§ Task statement
Look below for the line with "The windmill at", then repeat it and all lines after it, exactly, minus any pictures.

§ Information supplied
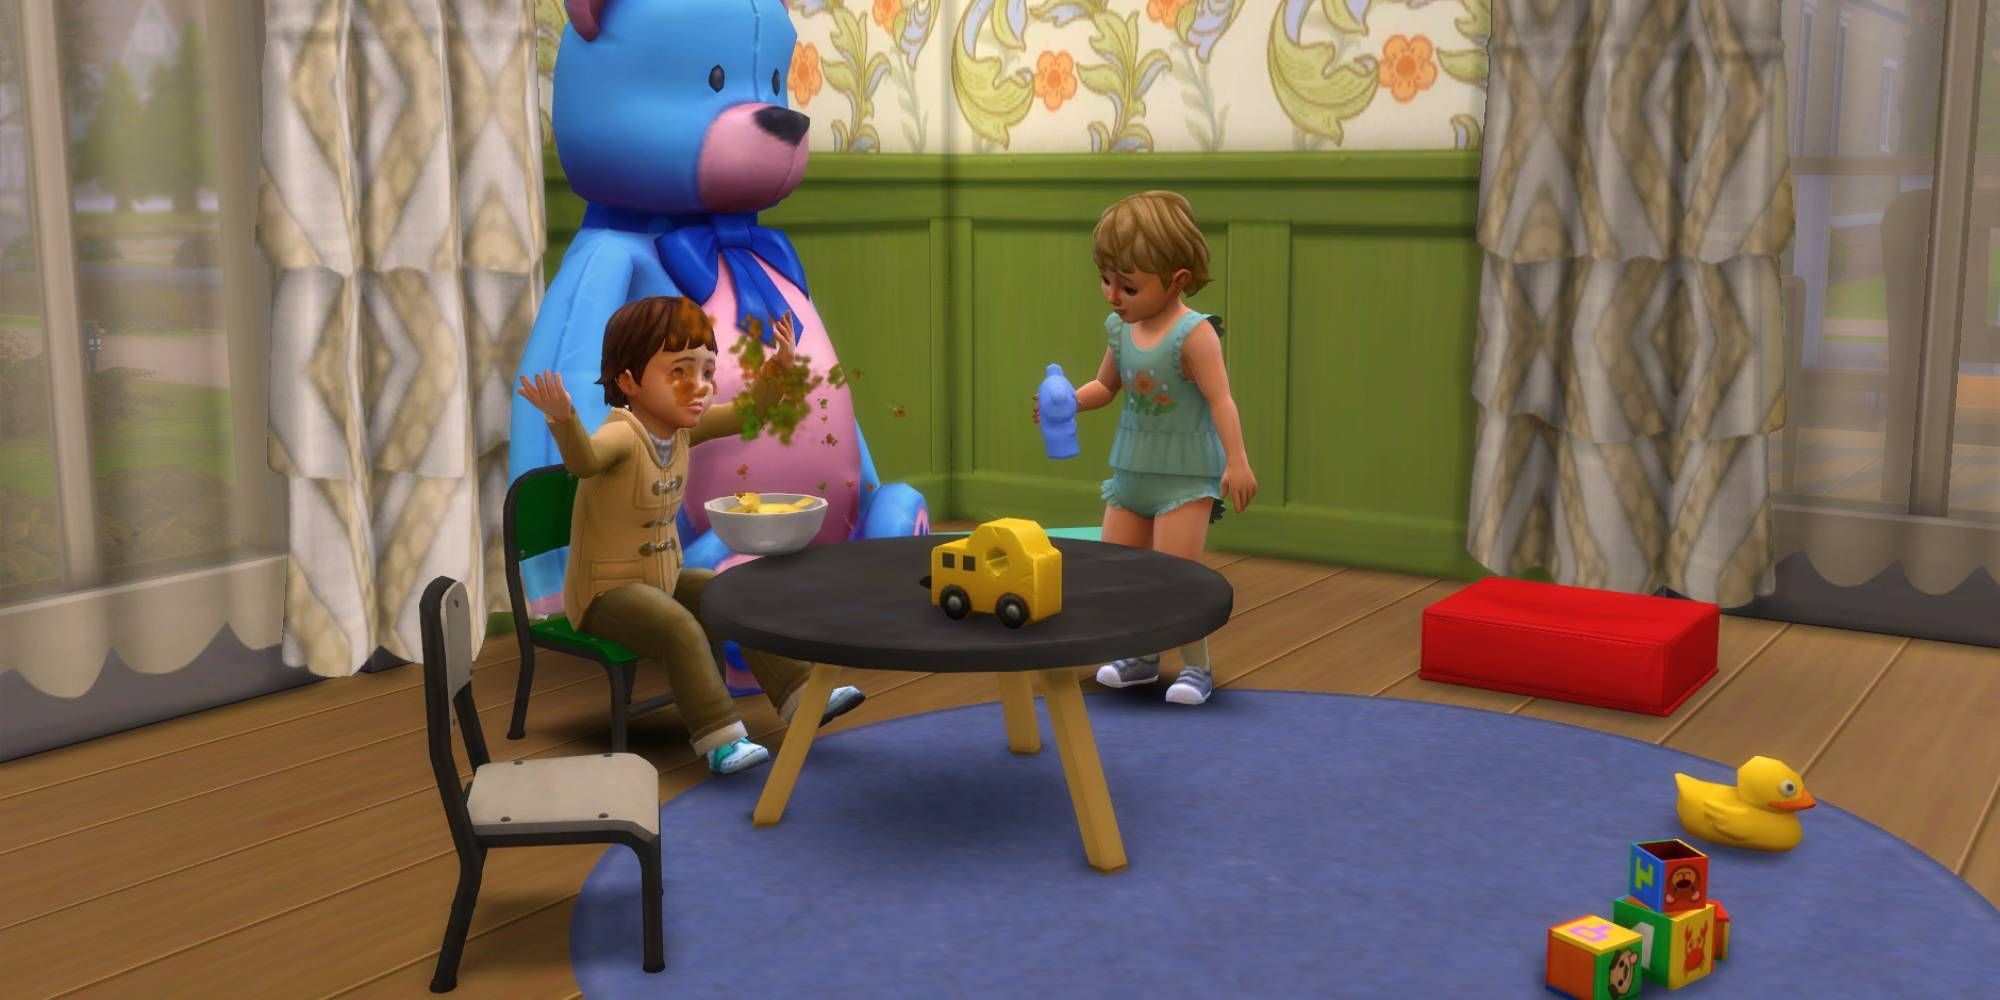 Toddlers in The Sims 4 using a table and chair set sized perfectly for them
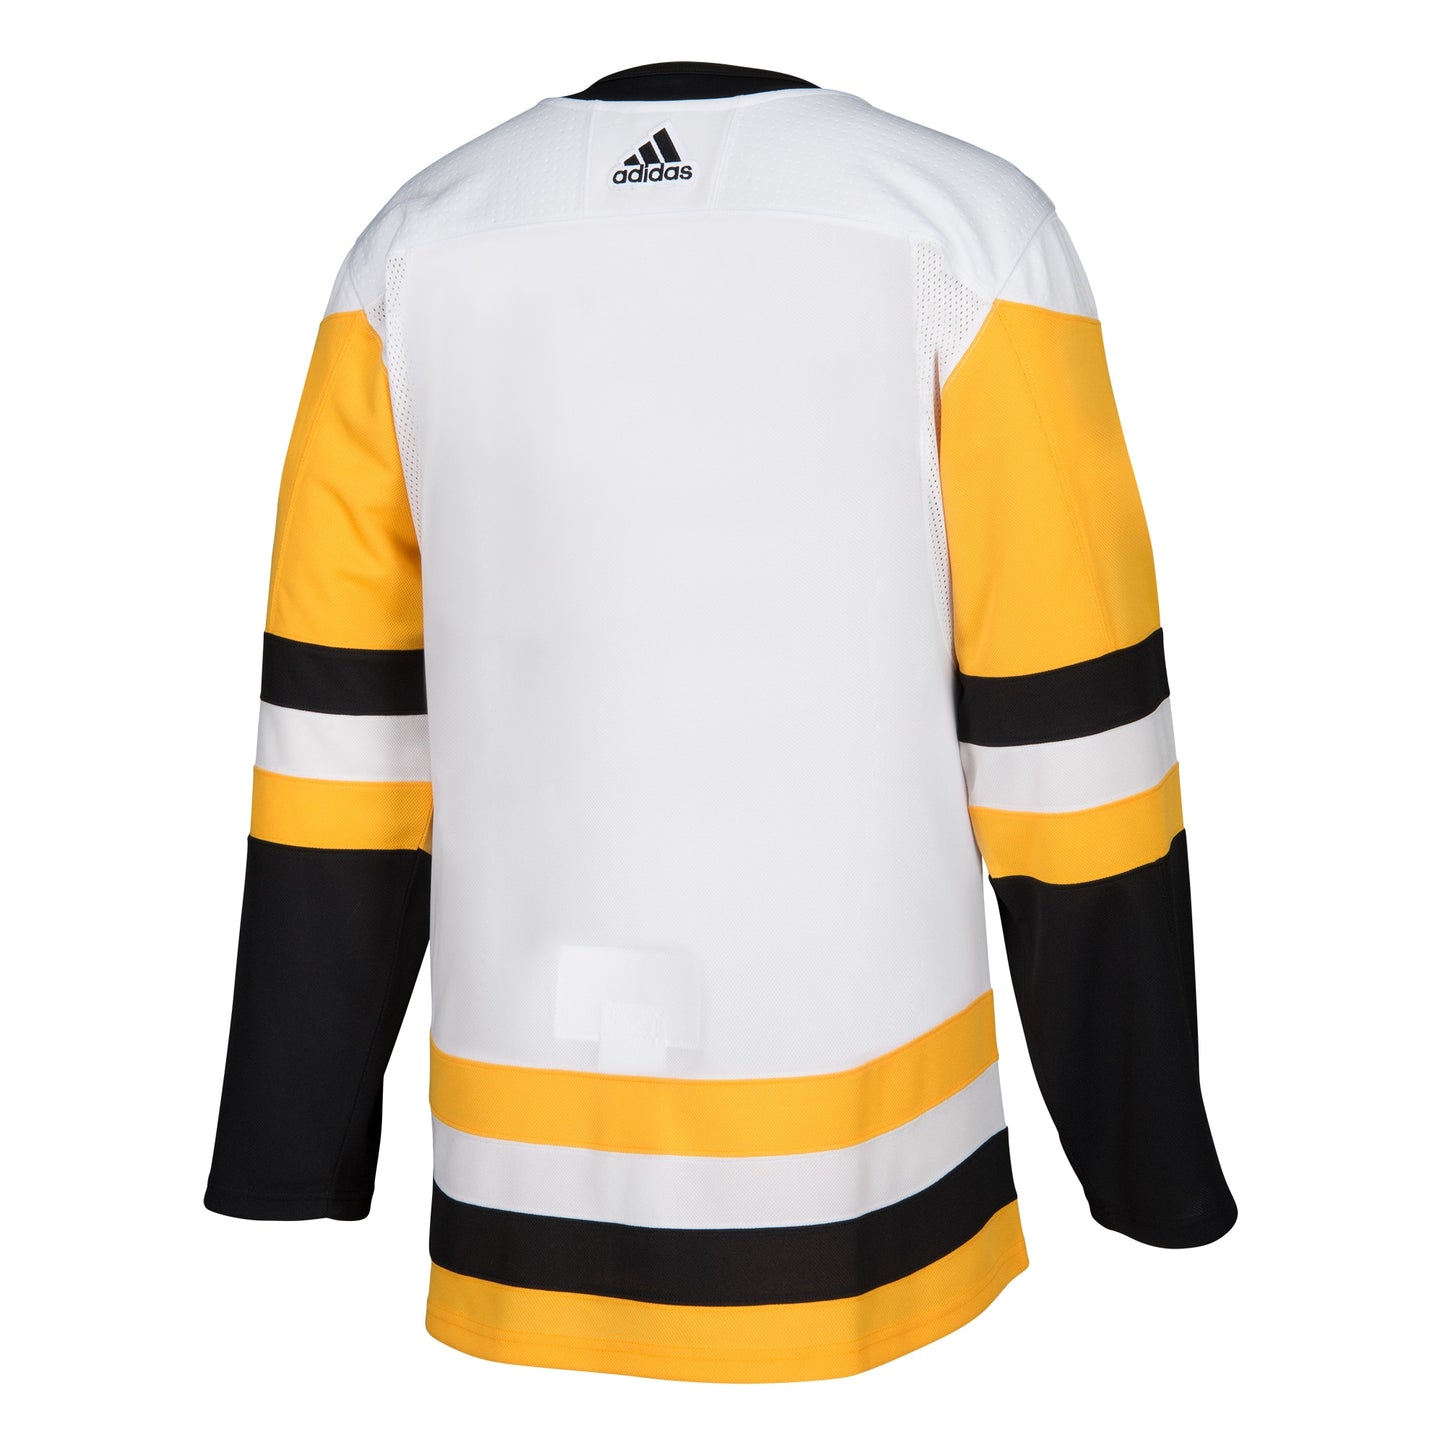 Pittsburgh Penguins adidas Away Authentic Blank Jersey - White
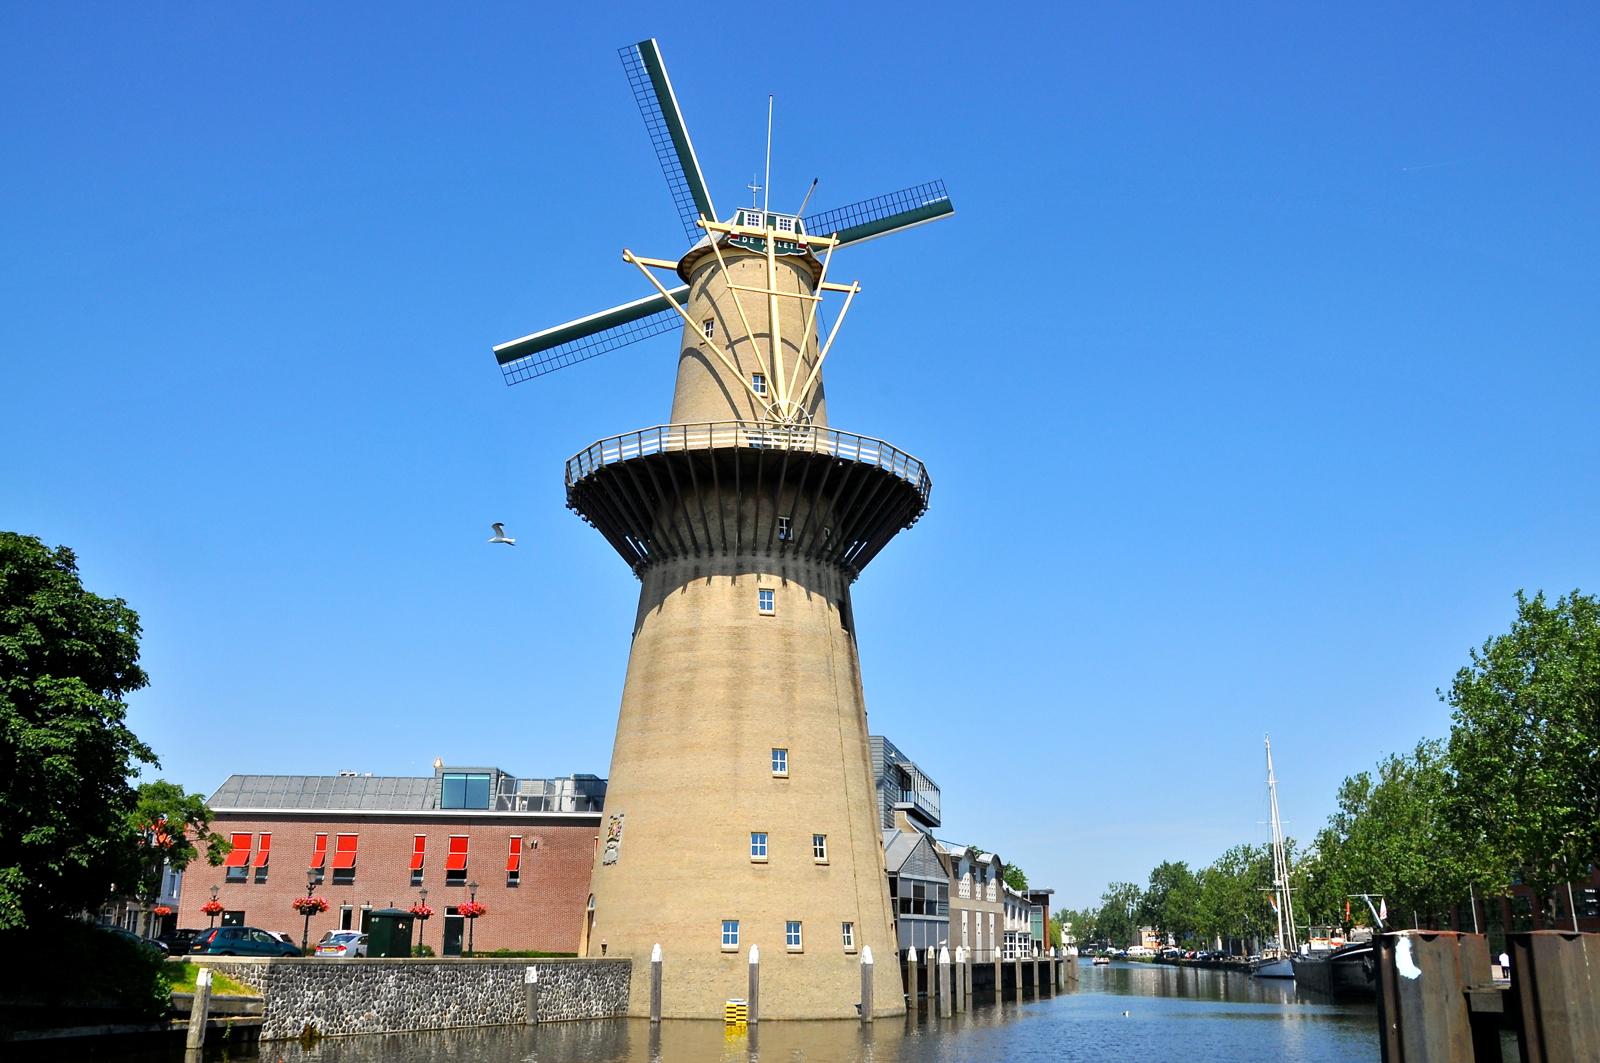 The windmill at Schiedam, considered to be the world's tallest
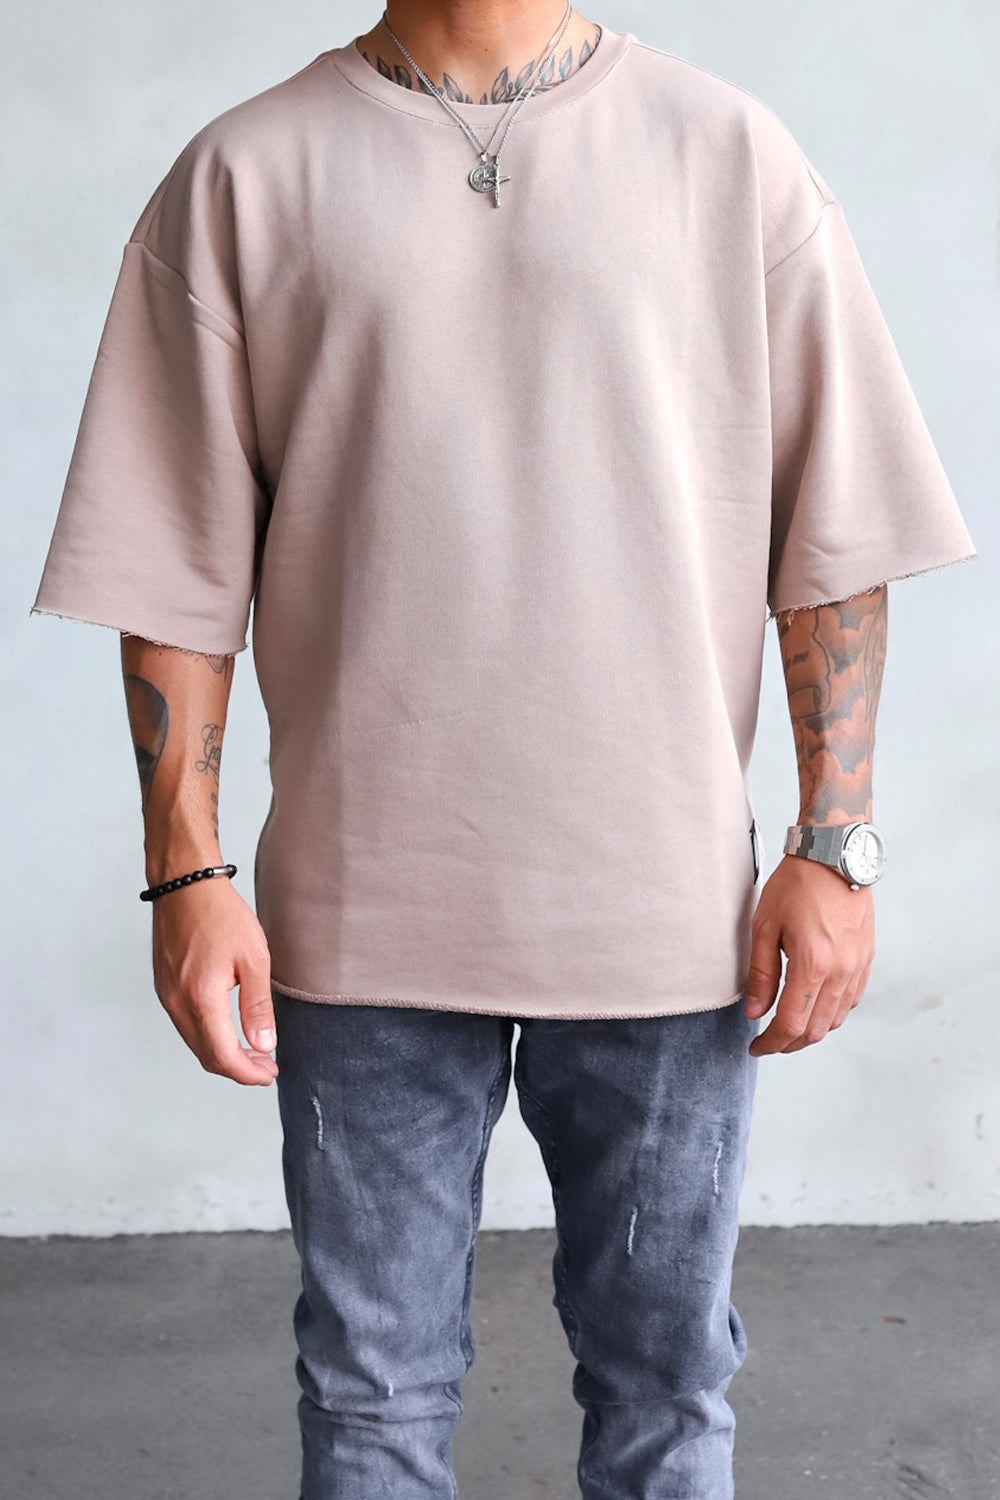 Oversized Cropped T-Shirt T-6049-1 Beige

§ Answer to the exercise
 The windmill at Schiedam, considered to be the world's tallest
 Oversized Cropped T-Shirt T-6049-1 Beige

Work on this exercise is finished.